## WHAT THE TASK REQUIRES
Beginning with the line containing "Gutfels 3-in-1-Klimagerät CM", write out each line exactly through the end of the listing, and skip all pictures.

## SOURCE MATERIAL
Content starts

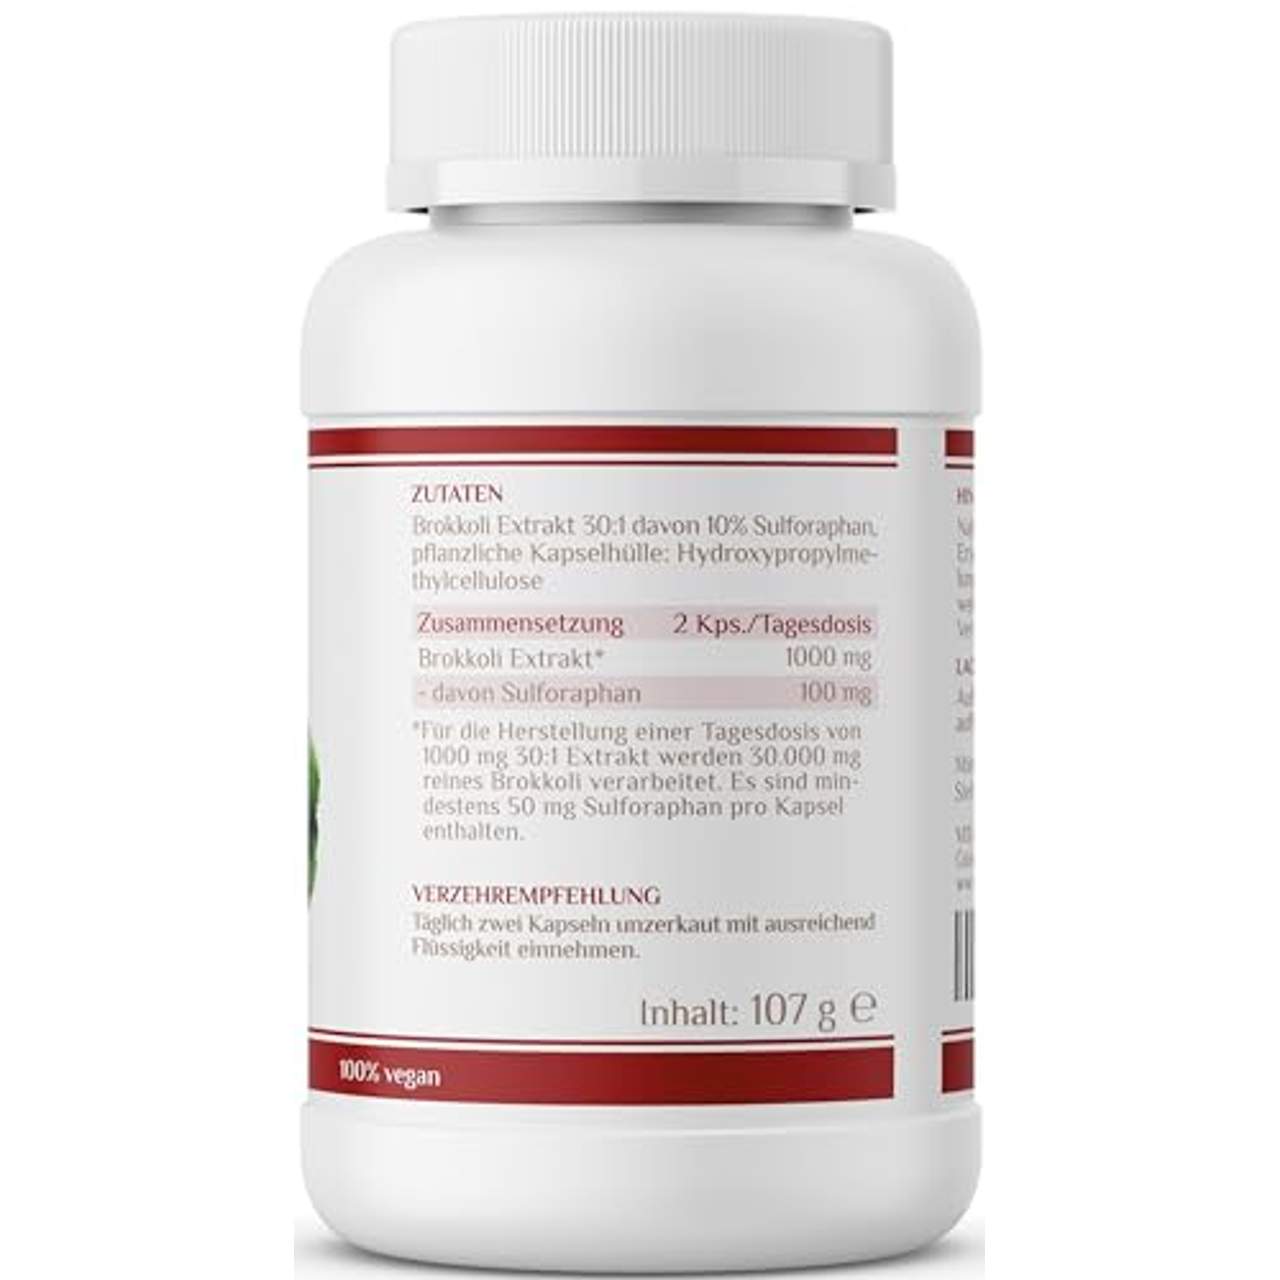 Sulforaphan I 50 mg pro Kapsel I hochdosiert aus 500 mg Brokkoli Extrakt I 120 vegane
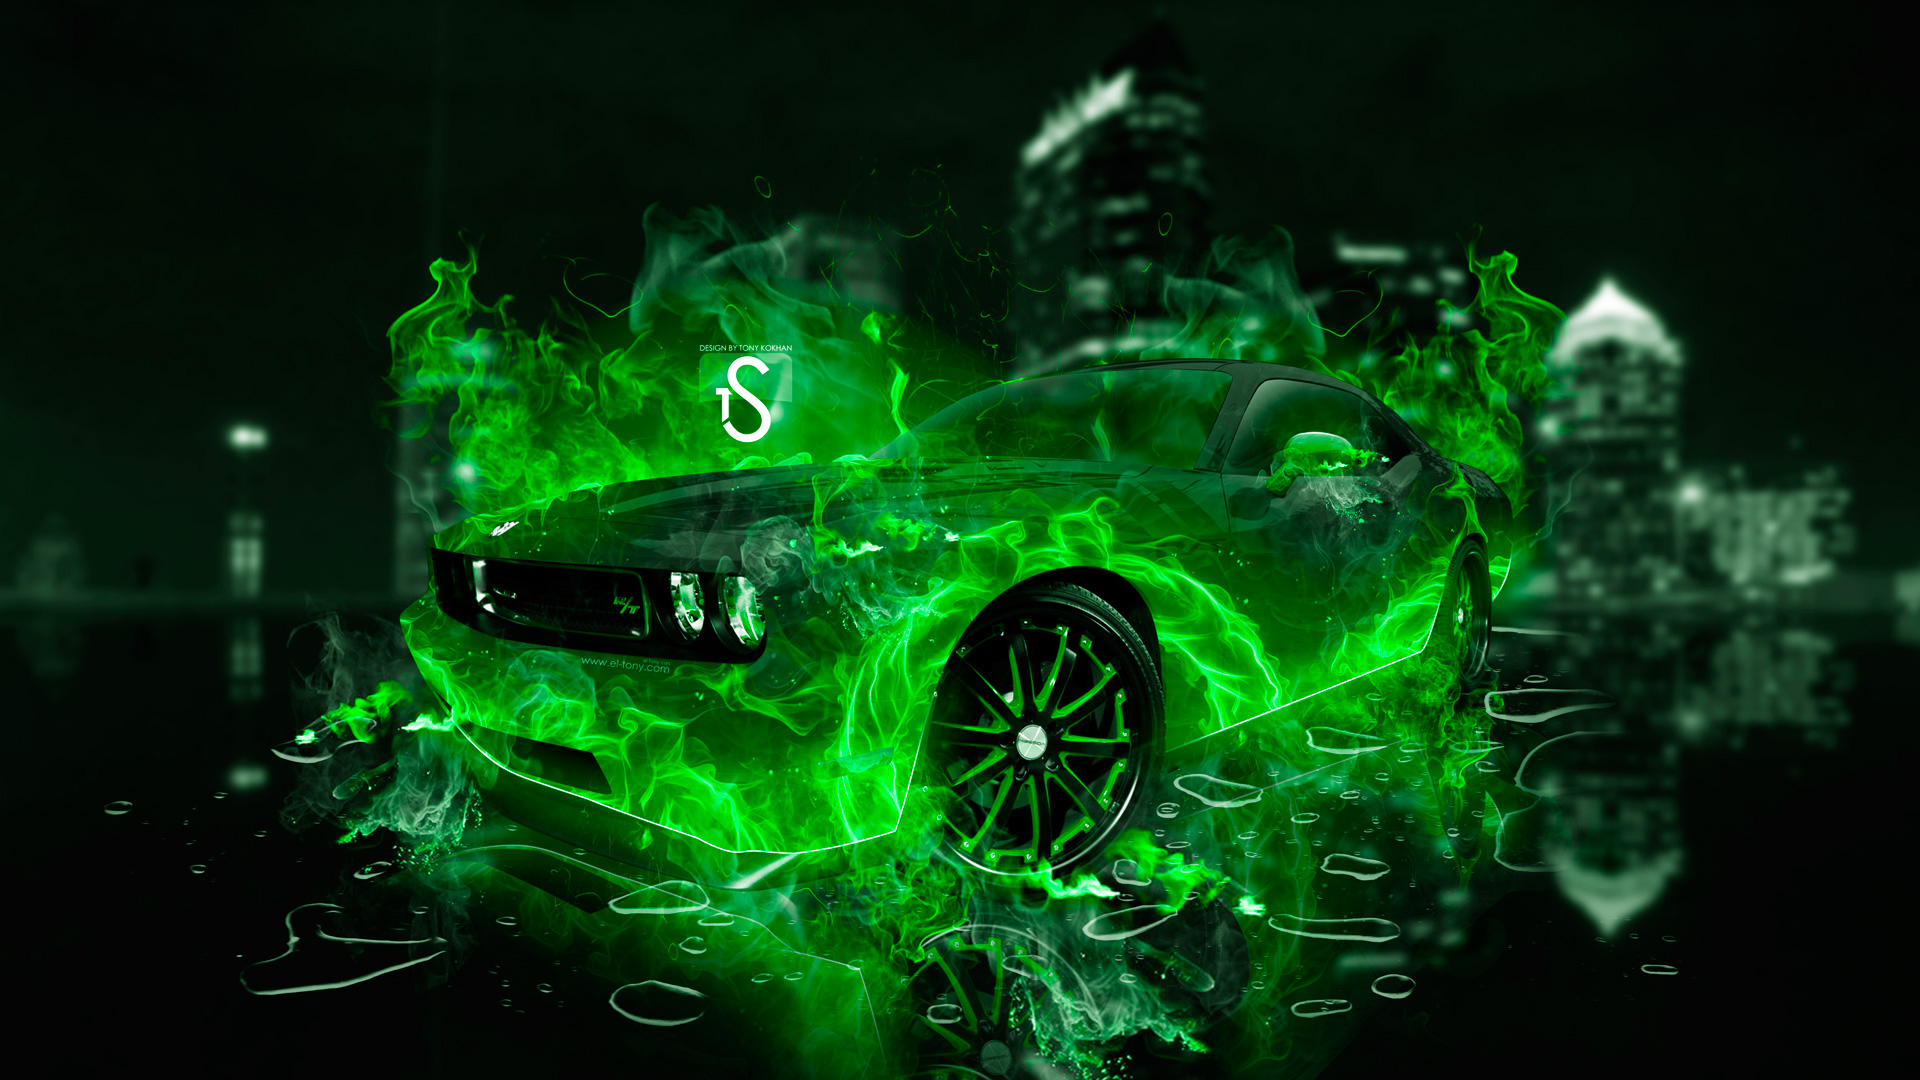 Неоново зелёная машина на чёрном фоне
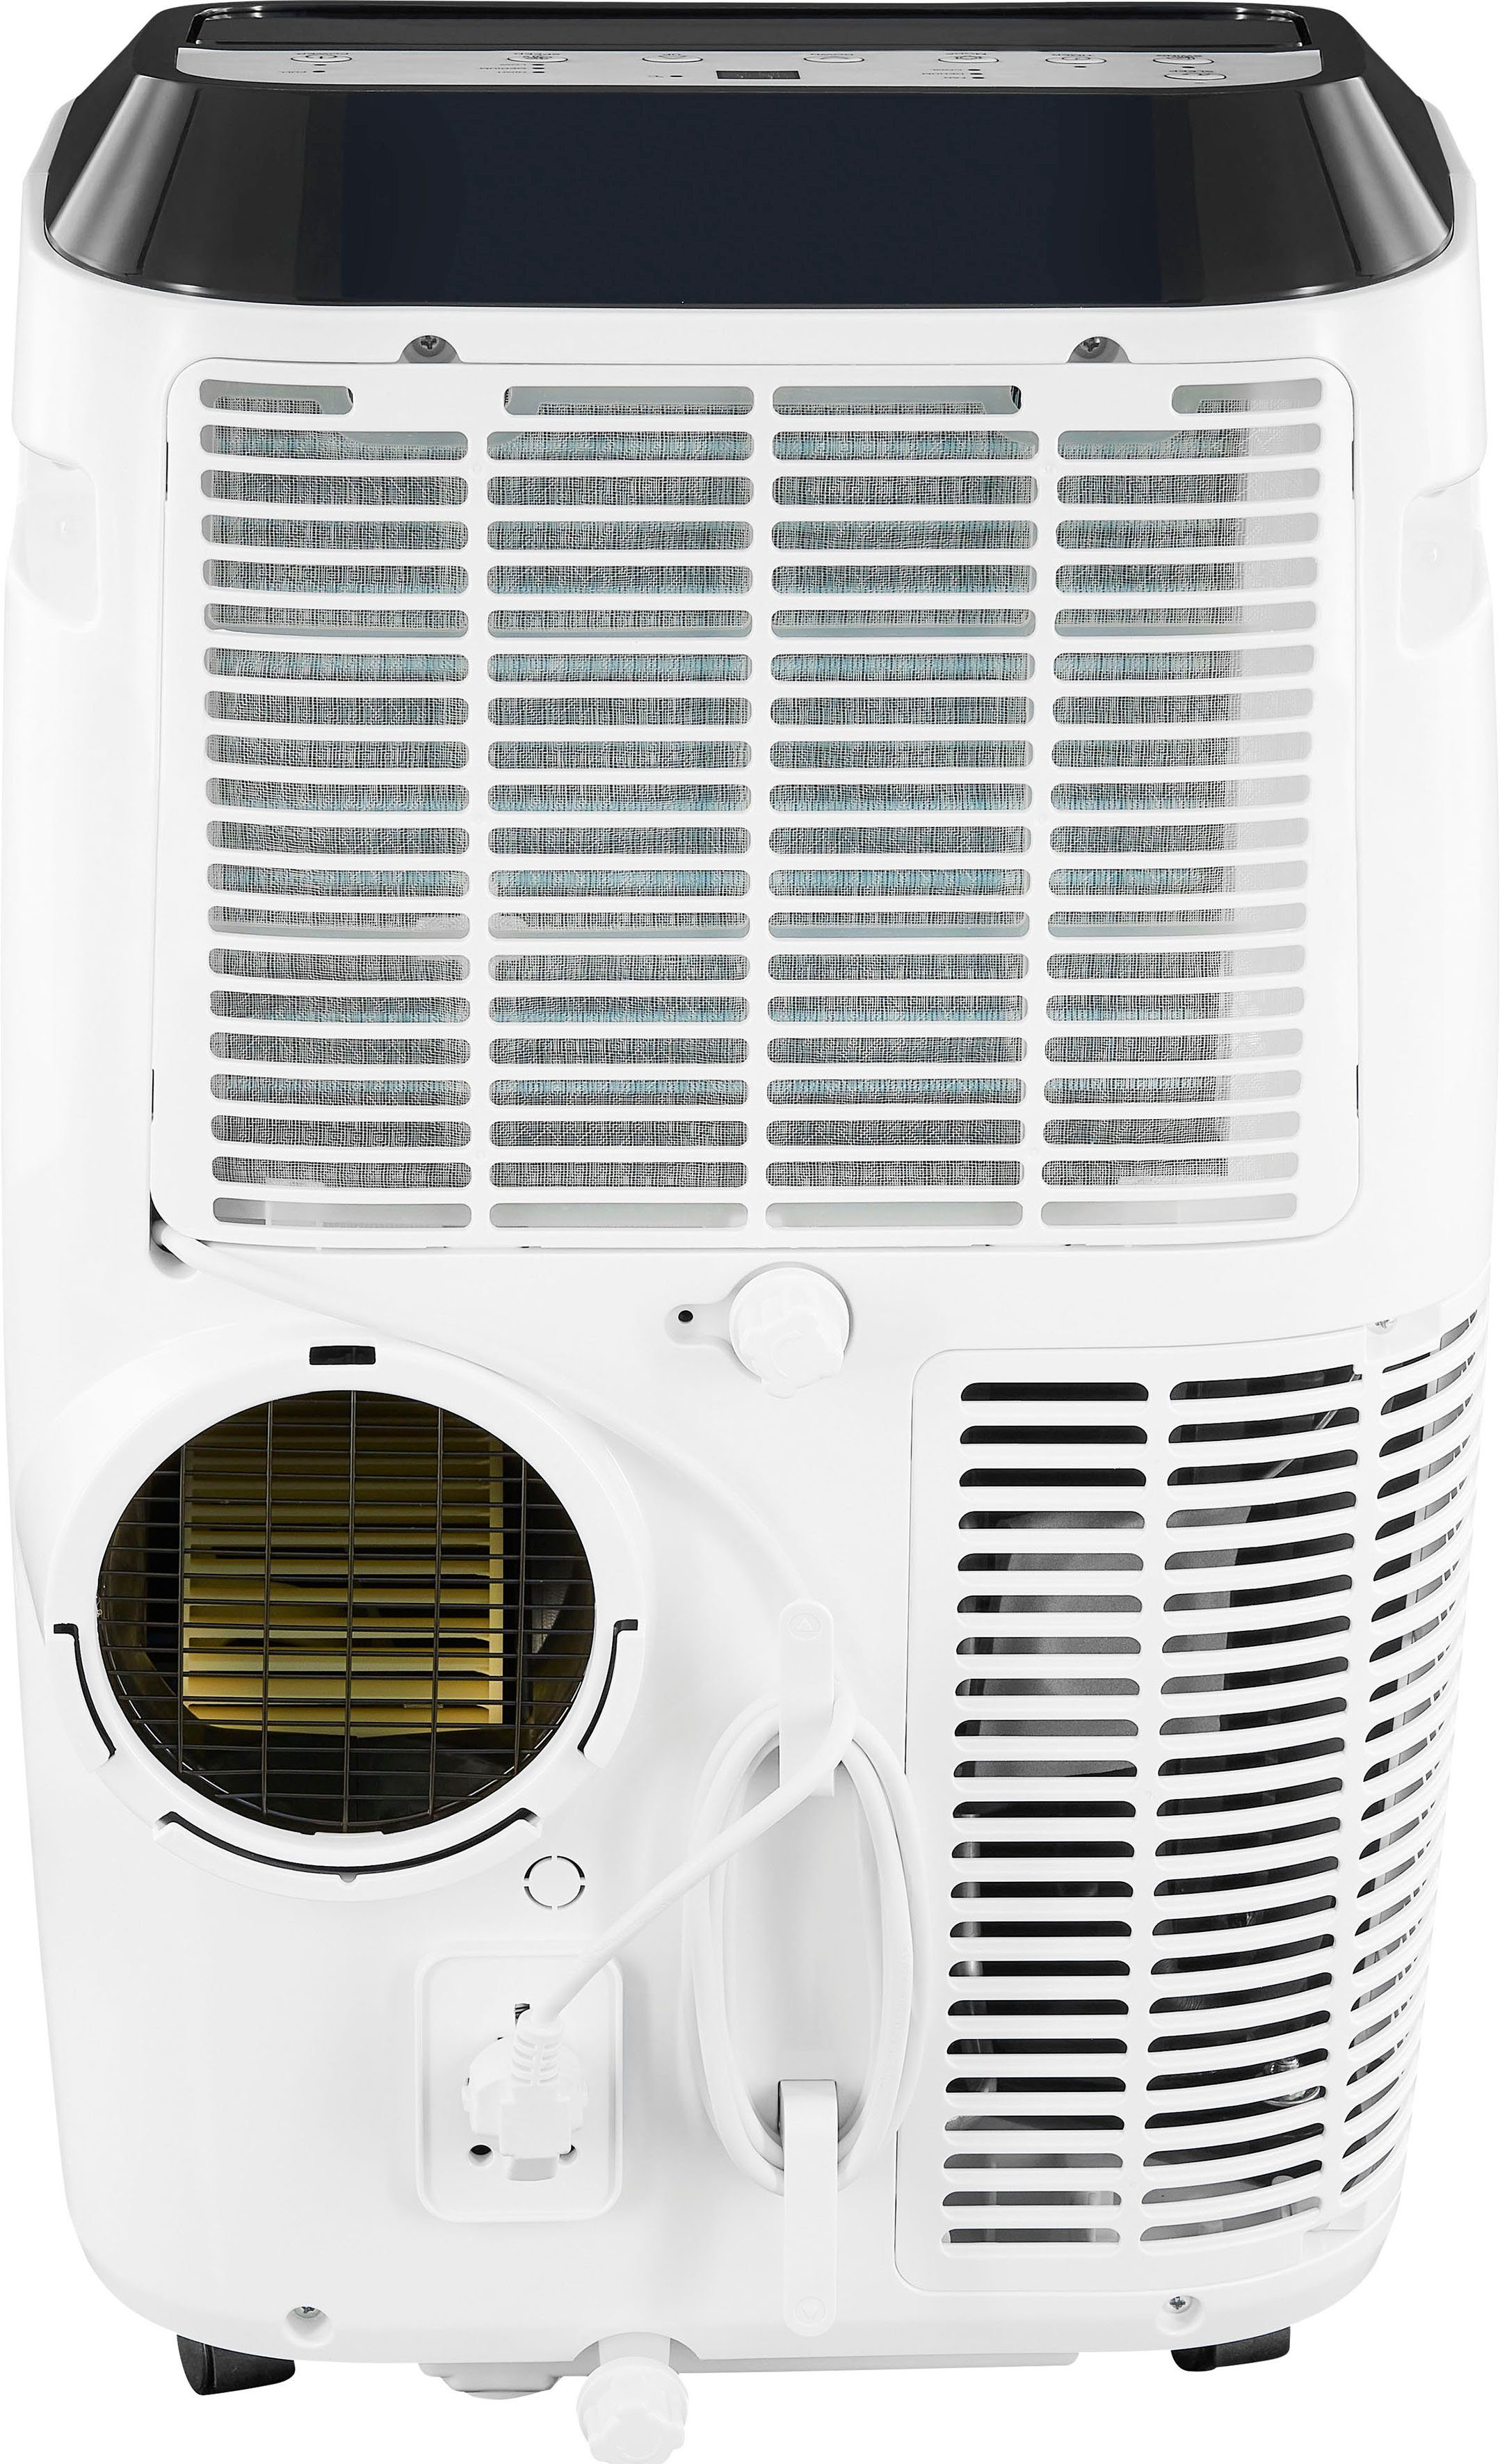 Gutfels 3-in-1-Klimagerät CM 61249 we, für - 38 Entfeuchtung, Räume m² geeignet Luftkühlung
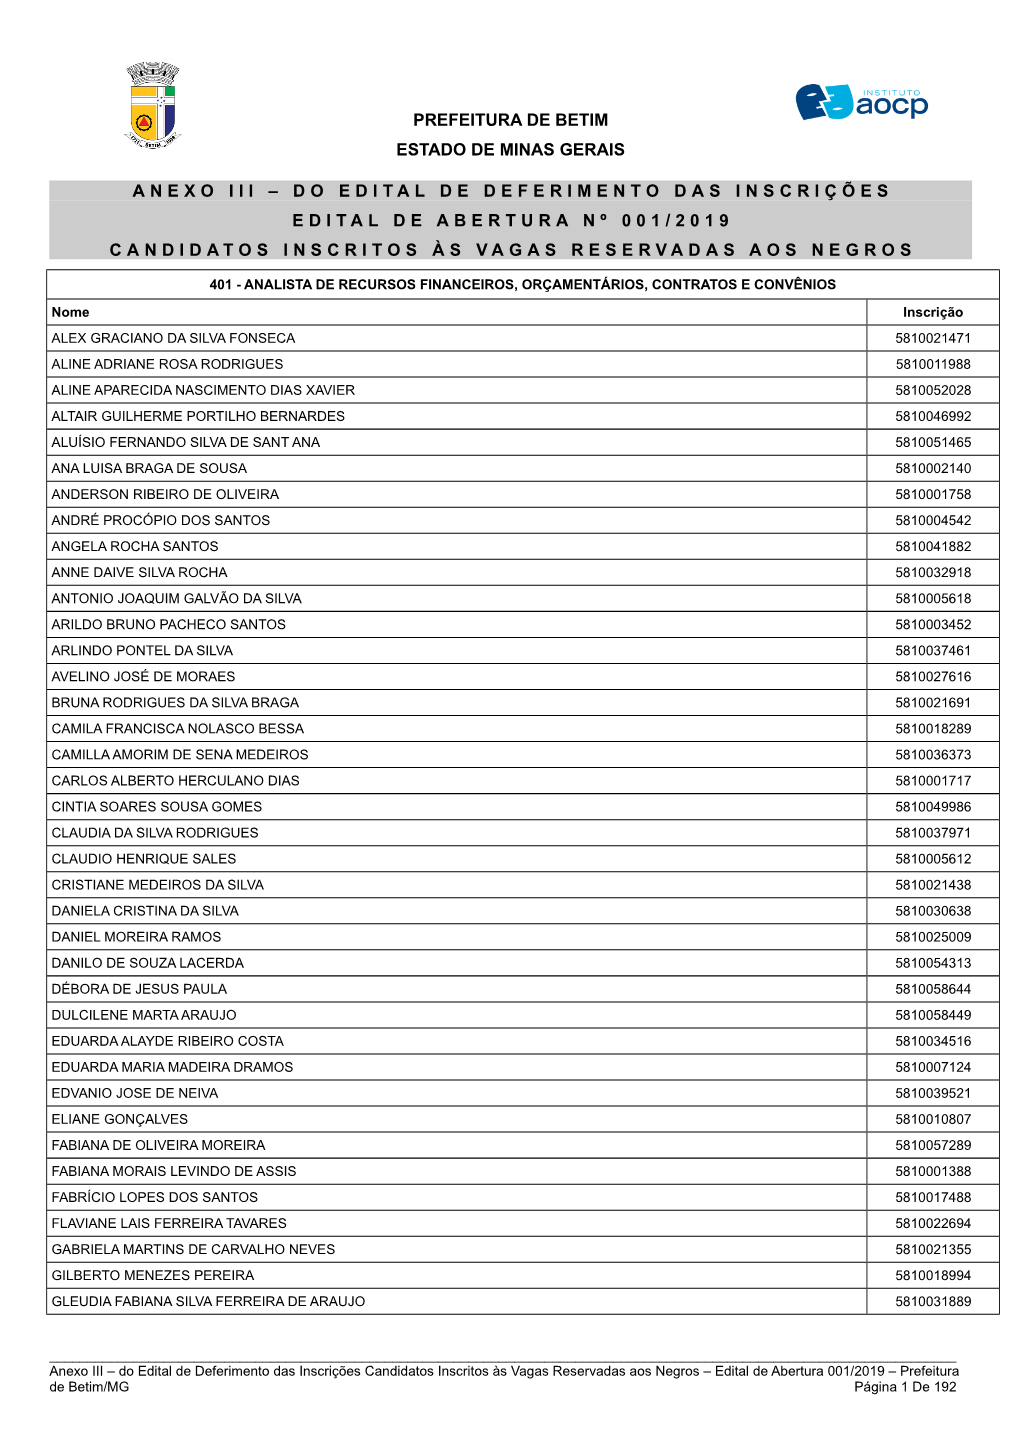 Anexo Iii – Do Edital De Deferimento Das Inscrições Edital De Abertura Nº 001/2019 Candidatos Inscritos Às Vagas Reservadas Aos Negros

Content ends

## PROBLEM SOLUTION
 Gutfels 3-in-1-Klimagerät CM 61249 we, für - 38 Entfeuchtung, Räume m² geeignet Luftkühlung
 Anexo Iii – Do Edital De Deferimento Das Inscrições Edital De Abertura Nº 001/2019 Candidatos Inscritos Às Vagas Reservadas Aos Negros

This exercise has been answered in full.